Wednesday, March 9, 2011

Dental project (1)

I'd like to spend a few posts talking about a project we just completed on surveying the bacterial species present in patients with gingivitis compared to normal controls. The main reason is to exercise QIIME with a different data set, but I'd also like to say a bit about the project.

I checked this morning at PubMed and found the paper has come out:

Olson 2011 PMID 21362199

Click on the link to download, 7.6 MB, that's just about the largest file size for a paper that I ever saw. Opening it up, I see why. It's still in manuscript form, and some of the figures are quite big. To play with this, we'll need to get the sequences. Luckily they were just posted by Genbank the other day.
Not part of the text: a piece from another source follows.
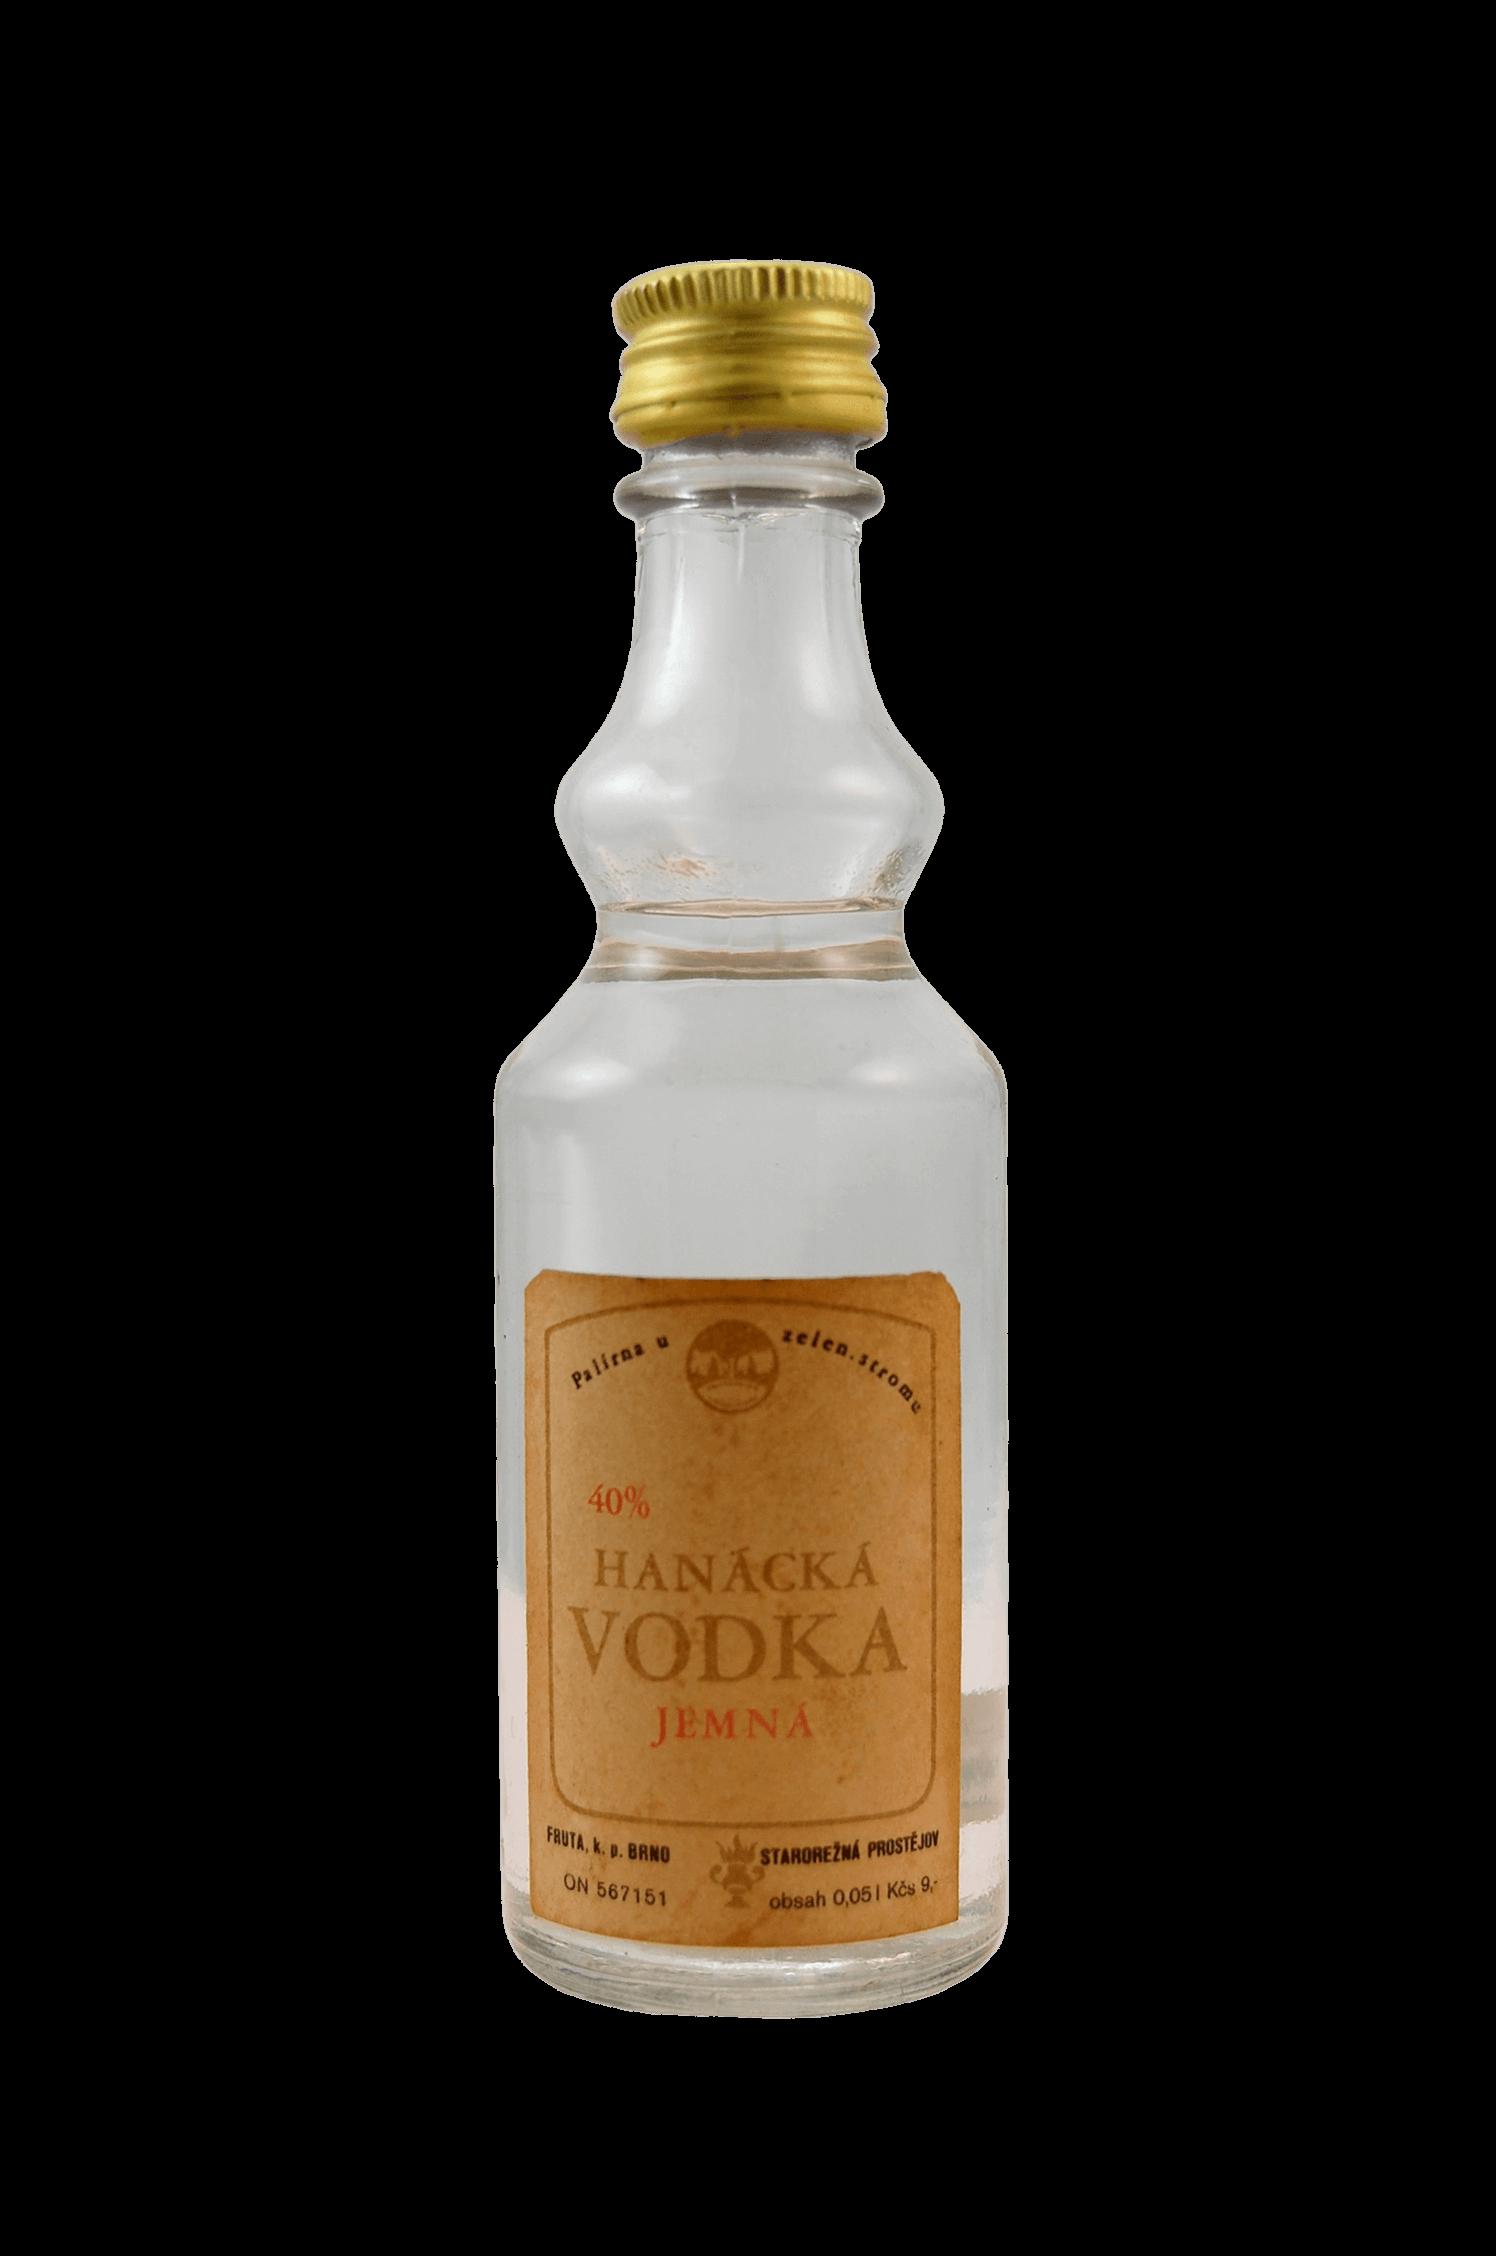 Hanácka Vodka Jemná

I wrote a script to grab the sequences in chunks of 40, with a timer to sleep for 10 seconds between requests. The first sign of trouble was here:

HQ895465 HQ895504 1
URL Error
HQ895505 HQ895544 1
..

but eventually, we did another request for this batch which looked like it worked:

HQ895465 HQ895504 2

but actually, the file contains this near the end:

PubseqAccess cmd(id_gi_by_word HQ895505) failed with Cannot get server name from load balancer &apos;PUBSEQ_OS_PUBLIC&apos; : errmsg=&apos;Service not found&apos; HQ895505

and then more of the same. Looking at the sequences, it seems they cut us off with 1000 sequences.. stopping with HQ895464.1

I thought this should be OK. It's very early in the morning, with more than 3 seconds between requests, but apparently we ran up against some kind of limit.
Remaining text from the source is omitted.